Task brief
Print out every line of the material exactly. Include no pictures.

Given material
════════

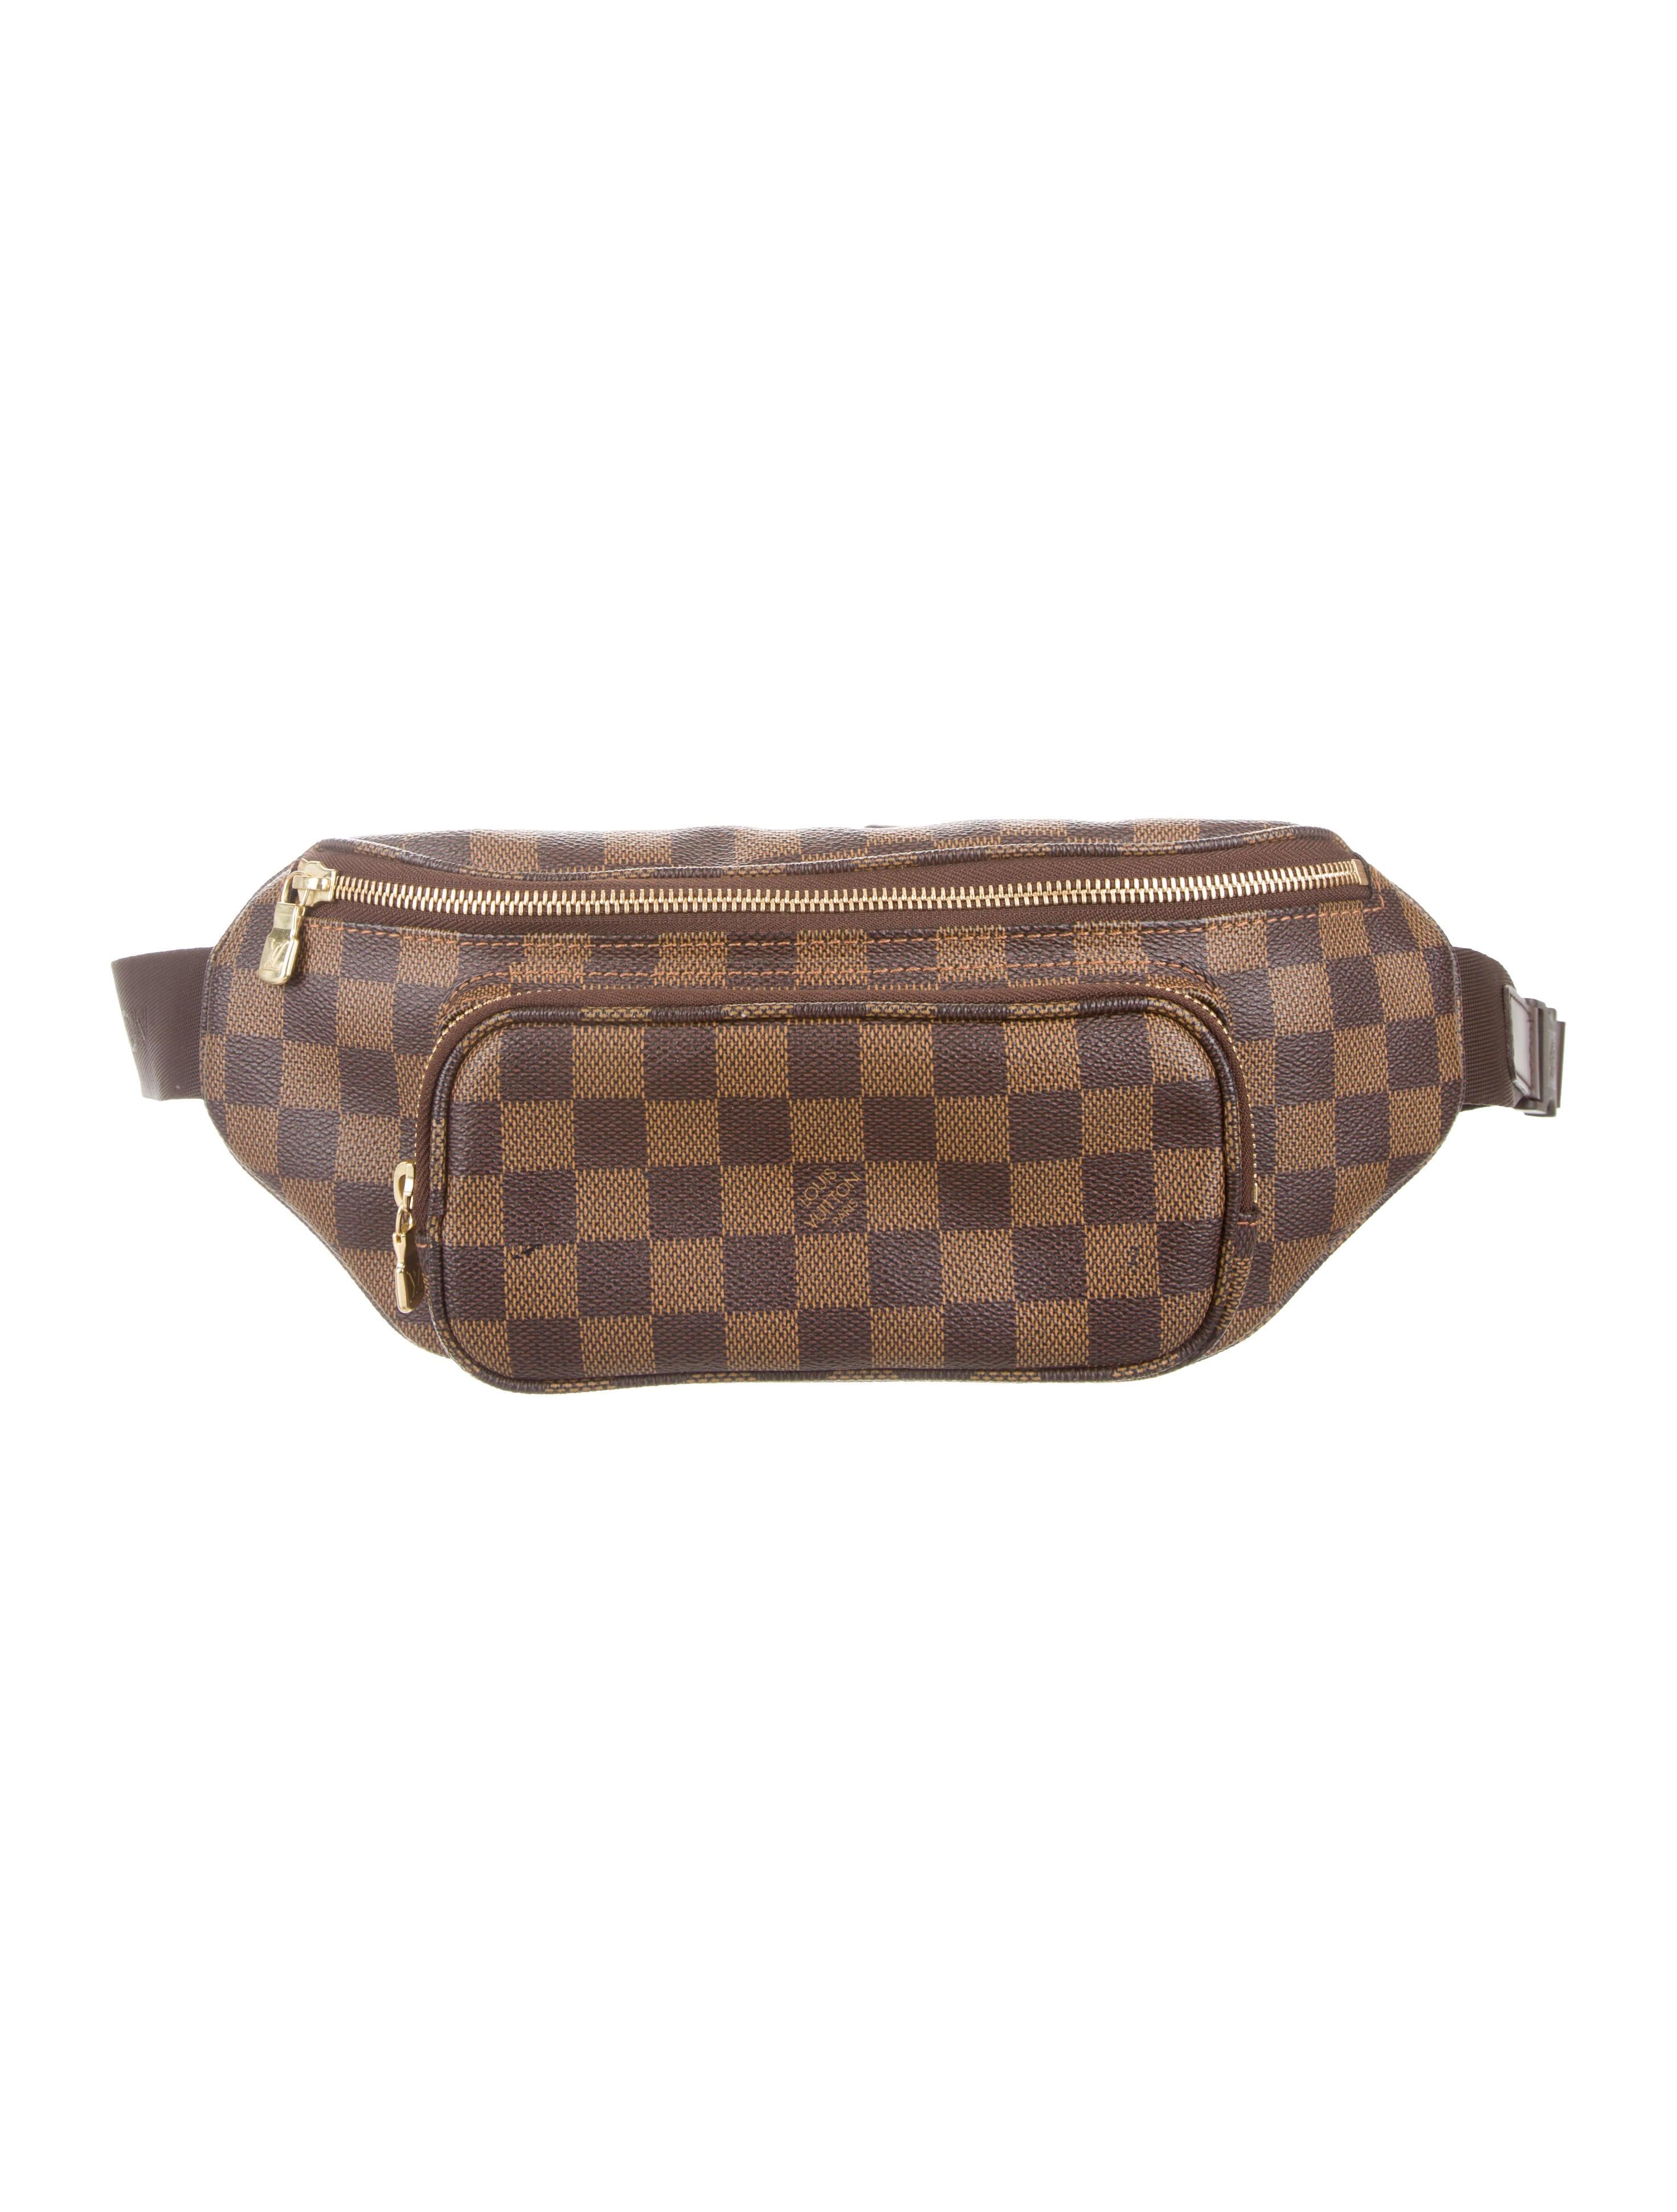 791414031ab0 Louis Vuitton Damier Ebene Melville Waist Bag - Bags - LOU63942 ...
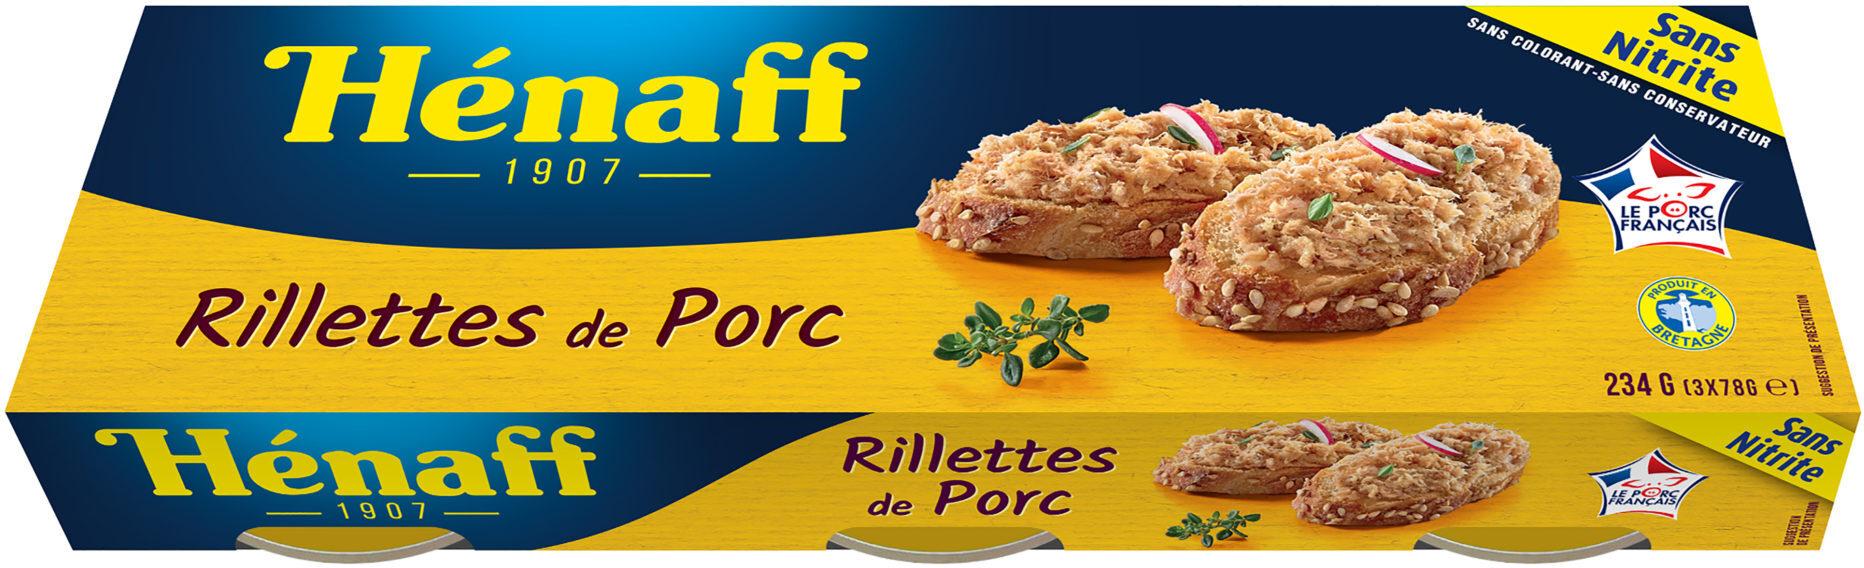 LOT RILLETTES de PORC Hénaff - Produit - fr
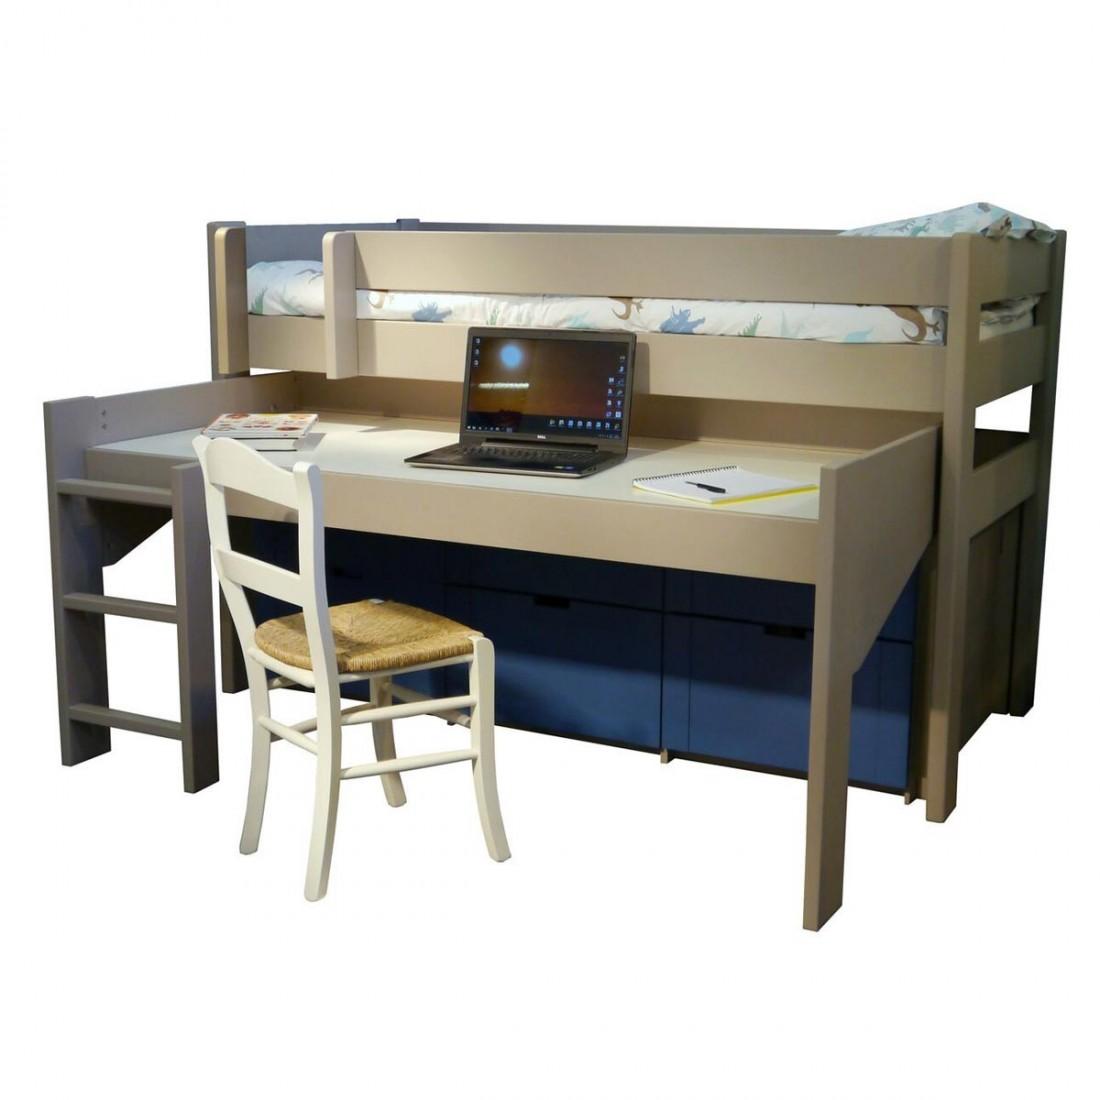 lit enfant sur lev dominique 127 mathy by bols ma. Black Bedroom Furniture Sets. Home Design Ideas
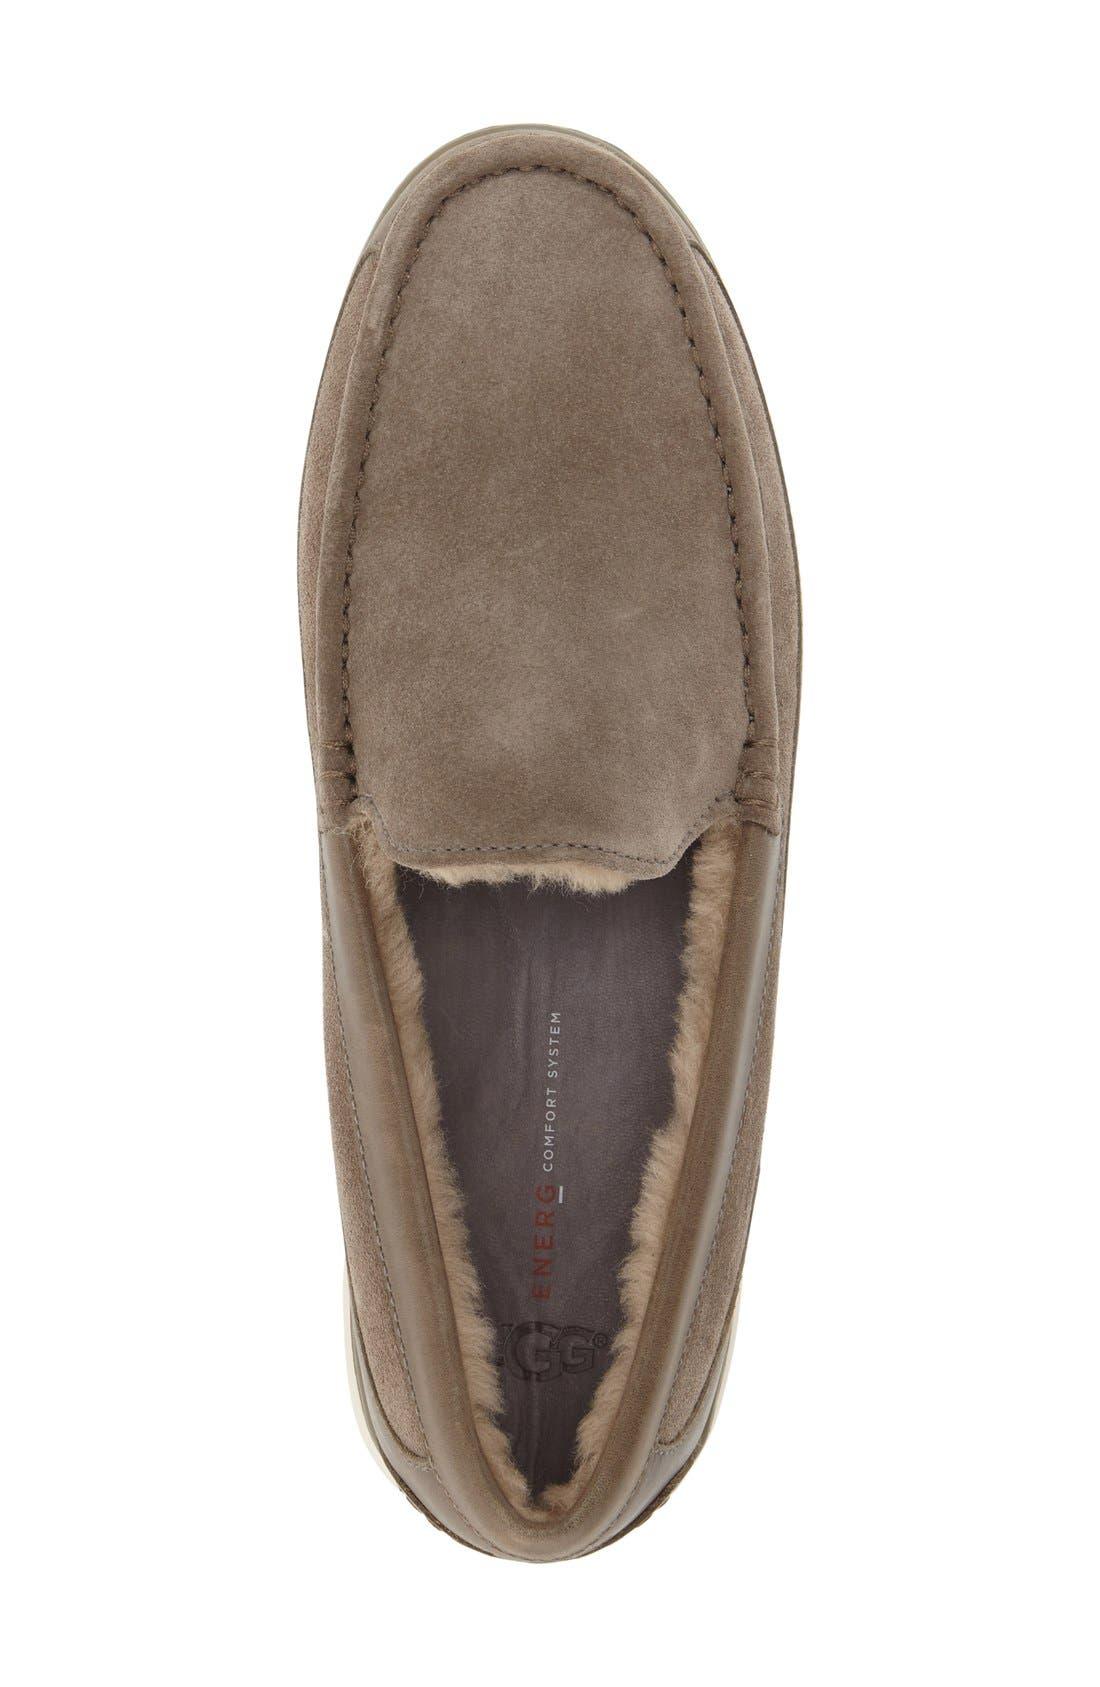 Alternate Image 3  - UGG® Fascot Driving Shoe (Men)

════════

Response area
 791414031ab0 Louis Vuitton Damier Ebene Melville Waist Bag - Bags - LOU63942 ...
 LOT RILLETTES de PORC Hénaff - Produit - fr
 lit enfant sur lev dominique 127 mathy by bols ma. Black Bedroom Furniture Sets. Home Design Ideas
 Alternate Image 3  - UGG® Fascot Driving Shoe (Men)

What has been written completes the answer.